The Territory region (which includes U.S. territories like Puerto Rico
or Guam) has very few colleges compared to the others.
This report explored various aspects of U.S. bachelor’s-granting colleges using descriptive statistics and visualizations in R. Through numerical summaries, I found that the average college admission rate is around 67%, and the median in-state tuition cost is $17,662. The standard deviation in student debt highlights substantial variation in borrowing, with an average spread of about $5,361. Visual tools like histograms revealed that most colleges have average SAT scores clustered between 1000–1200, and that the majority of students come from families earning under $75,000 annually.

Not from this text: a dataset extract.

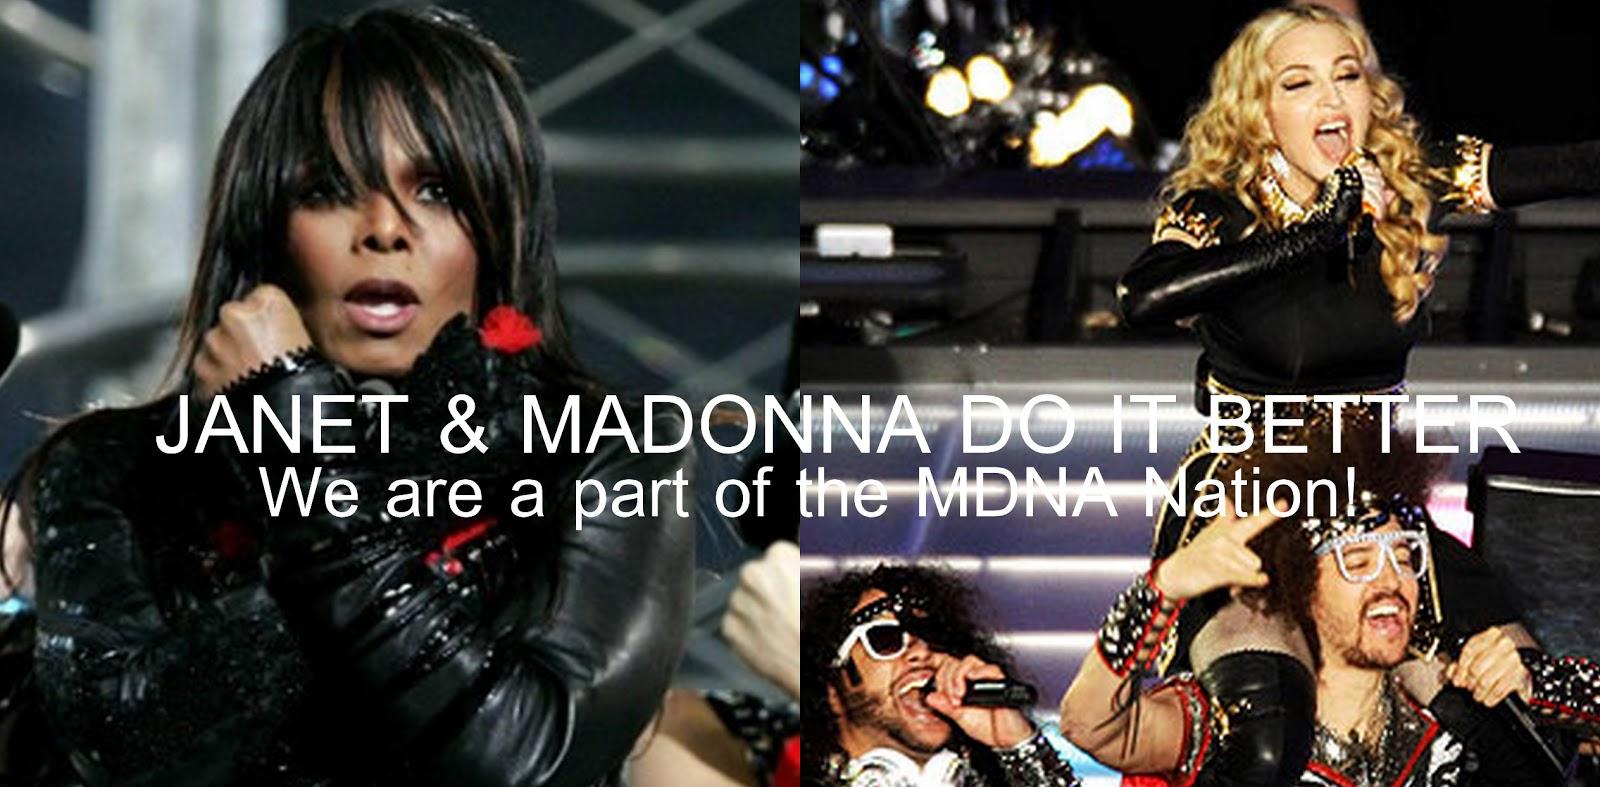 http://4.bp.blogspot.com/-kaEtWfOyWt0/URIF7BdQSuI/AAAAAAAADiM/nNGcholp_yo/s1600/Madonna+201212.jpg

Completion rates varied by region, with Northeast and Midwest schools showing higher medians, while faculty salaries increased with the highest degree offered. A moderate negative correlation between admission rate and SAT score suggests more selective schools tend to admit higher-scoring students. Additionally, net price was positively associated with family income, indicating that higher-income students often attend more expensive institutions. The analysis concludes with a barplot showing that most colleges are located in the Northeast, Midwest, and Southeast, highlighting regional concentrations in U.S. higher education.